As questões de investigação são as premissas onde se apoiam os resultados de uma investigação, ou seja, são enunciados interrogativos escritos no presente, de forma clara, incluem os conceitos a examinar, abordam a população alvo e sugerem uma investigação empírica (Idem, Ibidem), Sampieri [et al.] elucidam a importância da formulação de perguntas de pesquisa, expondo que são “(…) aquelas que pretendemos responder ao finalizar o estudo para alcançar os objetivos” (2013, p. 377).Tendo por base o referido anteriormente, colocamos a seguinte questão de investigação: Quais as repercussões para a família ao cuidar da criança com doença crónica no domicílio?

Os objetivos de um estudo de investigação determinam o modo como o investigador obterá resposta às suas questões de investigação.

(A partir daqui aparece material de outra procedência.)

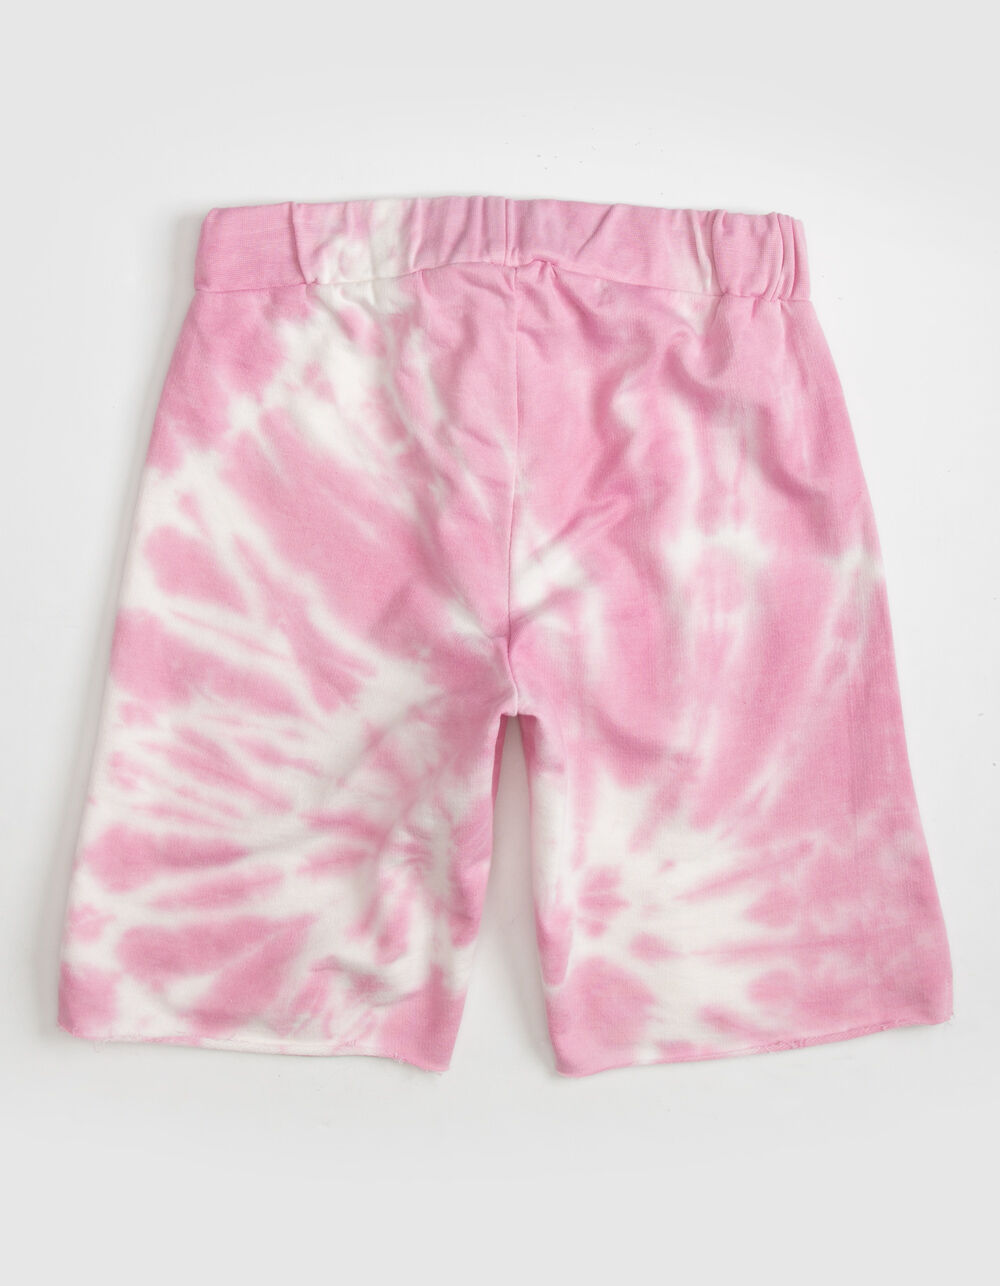 FULL CIRCLE TRENDS Tie Dye Raw Edge Girls Pink Sweat Shorts - PINK ...
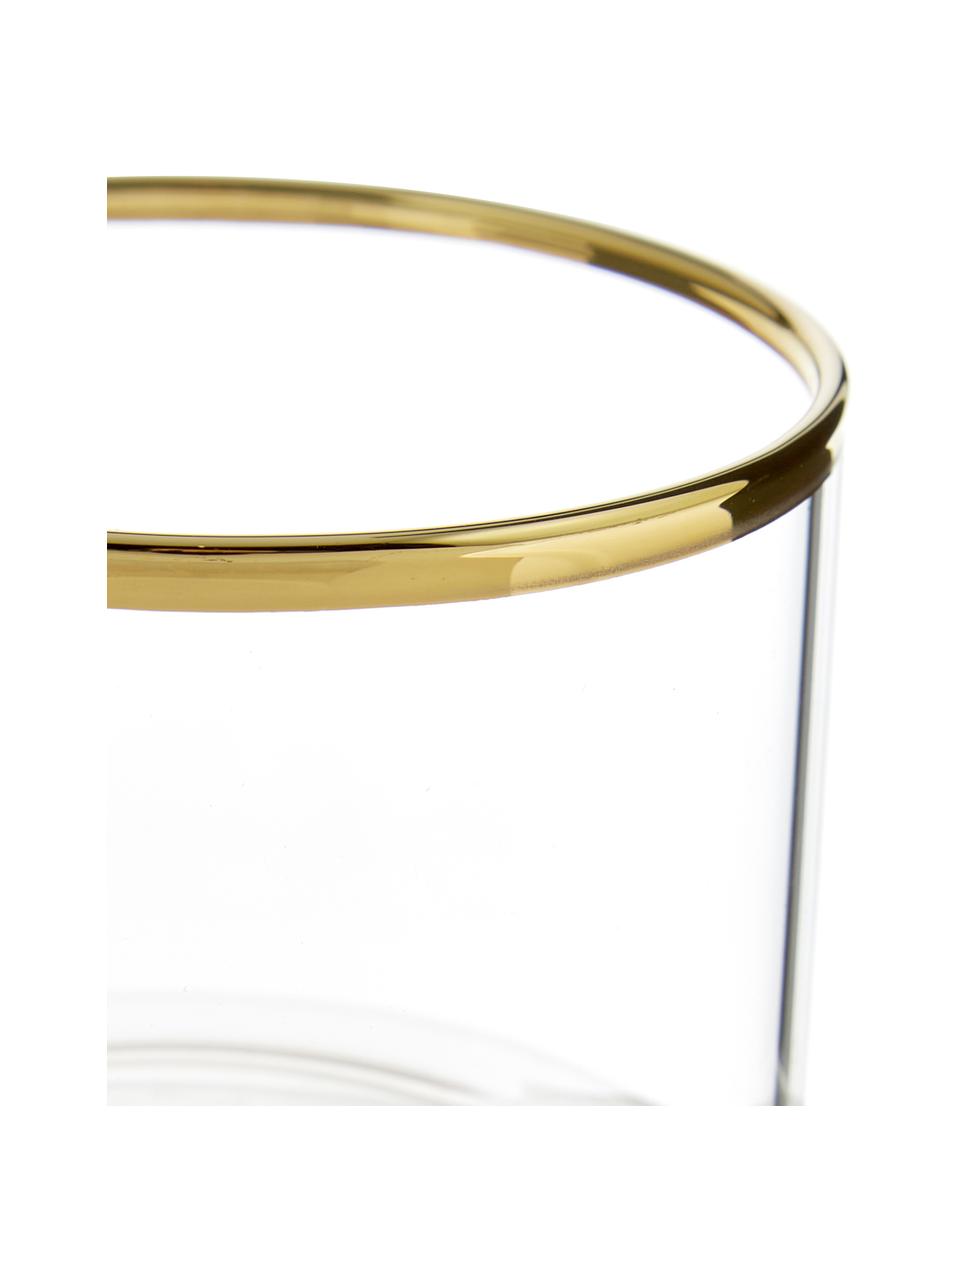 Waterglazen Boro van borosilicaatglas met goudkleurige rand, 6 stuks, Borosilicaatglas, Transparant, goudkleurig, Ø 8 x H 6 cm

Devem indicar de forma clara qual o fim que o investigador pretende alcançar (Fortin, 2009). Este estudo tem como objetivo geral: conhecer as repercussões na família ao cuidar da criança com doença crónica no domicílio, com o propósito da melhoria das práticas das equipas de saúde, nomeadamente para inovação/mudança das práticas de cuidados dos cuidados de saúde primários que trabalham com as crianças e famílias afetadas por uma doença crónica; fomentar a reflexão e discussão no seio das equipas de saúde de forma a contribuir para a minimização do sofrimento da família no domicílio.

Definiram-se os seguintes objetivos específicos:

• Analisaro conceito atribuído pela família à doença crónica;

• Identificar os cuidados prestados pela família à criança com doença crónica no domicílio;

• Identificar as estratégias mobilizadas pela família para cuidar a criança com doença crónica no domicílio;

• Identificar as necessidades da família no cuidar da criança com doença crónica no domicílio;

• Identificar as dificuldades da família no cuidar da criança com doença crónica no domicílio;

• Identificar sentimentos/emoções da família no cuidar da criança com doença crónica no domicílio;

• Identificar as estratégias de coping mobilizadas pela família no cuidar da criança com doença crónica no domicílio;

• Identificar as expetativas da família da criança com doença crónica acerca dos recursos da comunidade (escola, infantário, enfermeiro, médico, psicólogo).